È la nostra Costituzione a stabilire il primato dell'interesse collettivo su quello privato, ricorda lo studioso. Occorre un'azione popolare per salvaguardare il nostro paesaggio.

30/11/2012
Salvatore Settis, archeologo, da tempo impegnato per una riscossa civile dell'Italia (Agf).
Salvatore Settis, archeologo, da tempo impegnato per una riscossa civile dell'Italia (Agf).

Ci sono libri che sono necessari e urgenti. Salvatore Settis, vulcanico archeologo settantunenne, che ha diretto il Getty Research Institute di Los Angeles e la Normale di Pisa, ne ha scritti almeno tre, in nome del bene comune, a metà tra analisi storico giuridica, programma di governo e manifesto delle istanze della società civile. Dopo Italia Spa e Paesaggio Costituzione e Cemento, ecco così arrivare in libreria Azione Popolare (Einaudi), una chiamata alle armi in cui lo strumento da cui partire è la nostra cara Costituzione.

Nella Carta fondamentale che regola la nostra vita, infatti, ci sono già tutti i principi da cui ripartire oggi
. Pur se largamente disapplicata, rimane infatti un testo attualissimo per orientare le nostre scelte. Settis ricorda il “diritto di resistenza”, che secondo Giuseppe Dossetti doveva entrare nella Costituzione (intervento alla Costituente, 21 novembre 1946). Le parole di quell’articolo mancato vanno rilette e meditate come un alto ed efficace manifesto della dignità del cittadino davanti al degrado delle istituzioni: «La resistenza individuale e collettiva agli atti dei poteri pubblici che violino le libertà fondamentali e i diritti garantiti dalla presente Costituzione è diritto e dovere di ogni cittadino».

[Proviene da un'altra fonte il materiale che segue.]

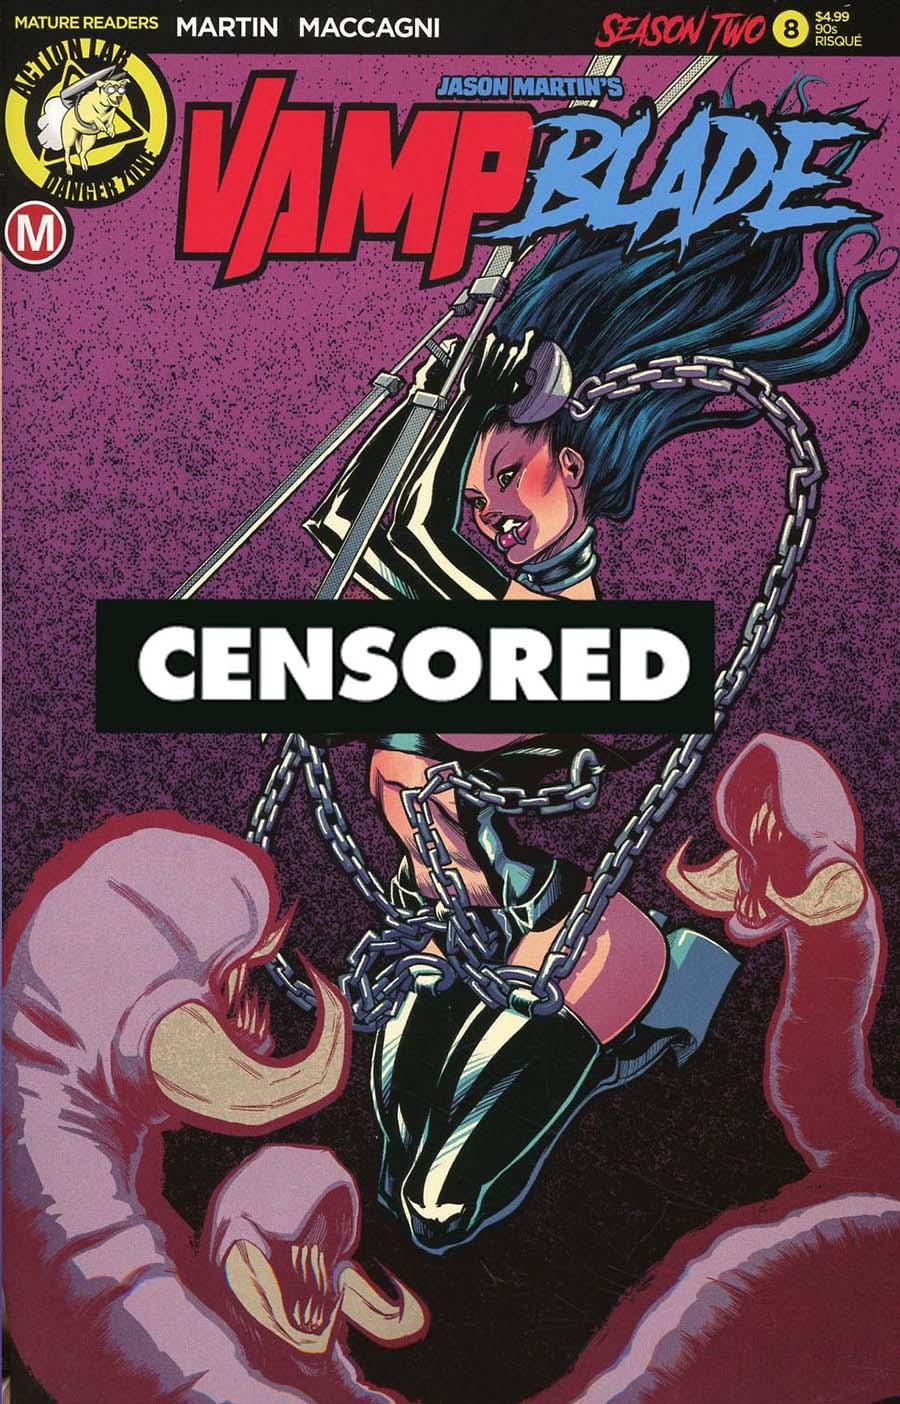 Vampblade Season 2 #8 Cover F Variant Timothy Weaver 1990s Risque Cover
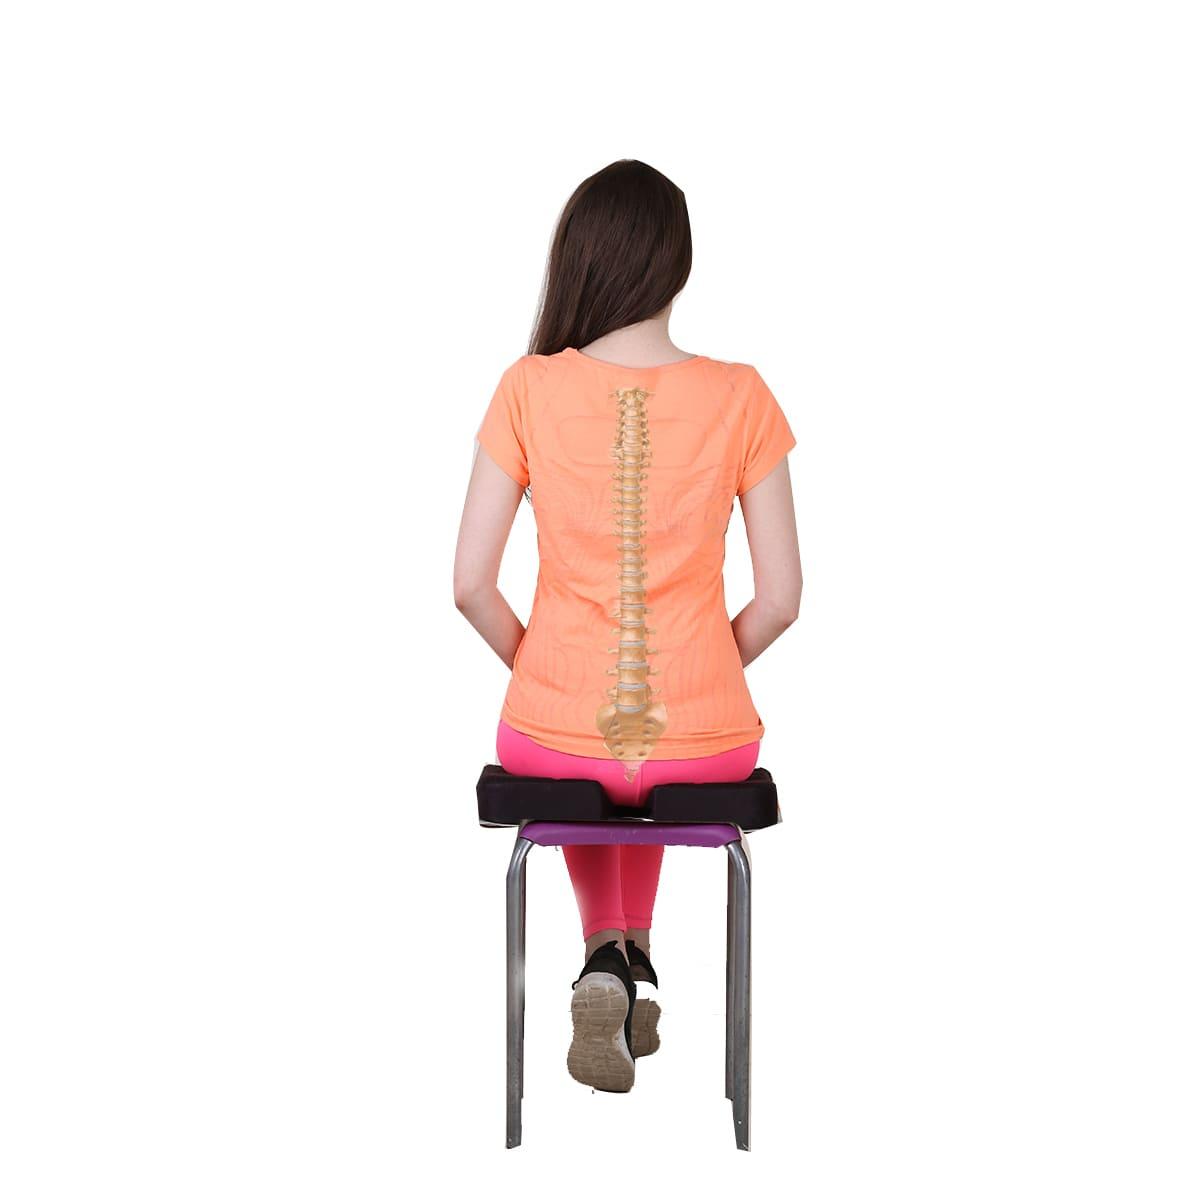 coccyx cushion seat for tailbone pain

Azione popolare è dunque anche diritto e dovere di resistenza collettiva al degrado delle città e delle campagne, al sacco del paesaggio?
«Proprio così, nel diritto romano l'actio popularis era la possibilità che avevano i cittadini di ricorrere in giudizio in difesa del bene comune. Lo scontro tra egoismo privato e interesse pubblico va avanti da moltissimo tempo e il diritto romano è molto chiaro stabilendo che il bene comune deve sempre prevalere. Anche nella Costituzione italiana non vi è alcun dubbio a riguardo e per questo credo che dovremmo usarla come arma in questa battaglia per il bene comune».

Nel libro lei ricorda come furono alcuni deputati cattolici nella Costituente a battersi perché fosse espresso il concetto di bene comune.

«Un giovanissimo Aldo Moro, giurista democristiano, è stato uno dei due deputati, insieme al vecchio latinista comunista Concetto Marchesi a ottenere l’inserimento della difesa del paesaggio nella Costituzione. Dossetti e La Pira insieme a Moro si distinsero per i ripetuti interventi in Parlamento sull'importanza del bene comune, richiamato per ragioni etiche, politiche e giuridiche insieme. Credo che noi non dobbiamo dimenticare questa tradizione, che è stato uno dei momenti più alti della vita politica del nostro Paese, in un momento in cui si cerca di smantellare lo Stato e ridurre la spesa sociale per far guadagnare una serie di imprese nel nome di uno sviluppo che poi non c'è».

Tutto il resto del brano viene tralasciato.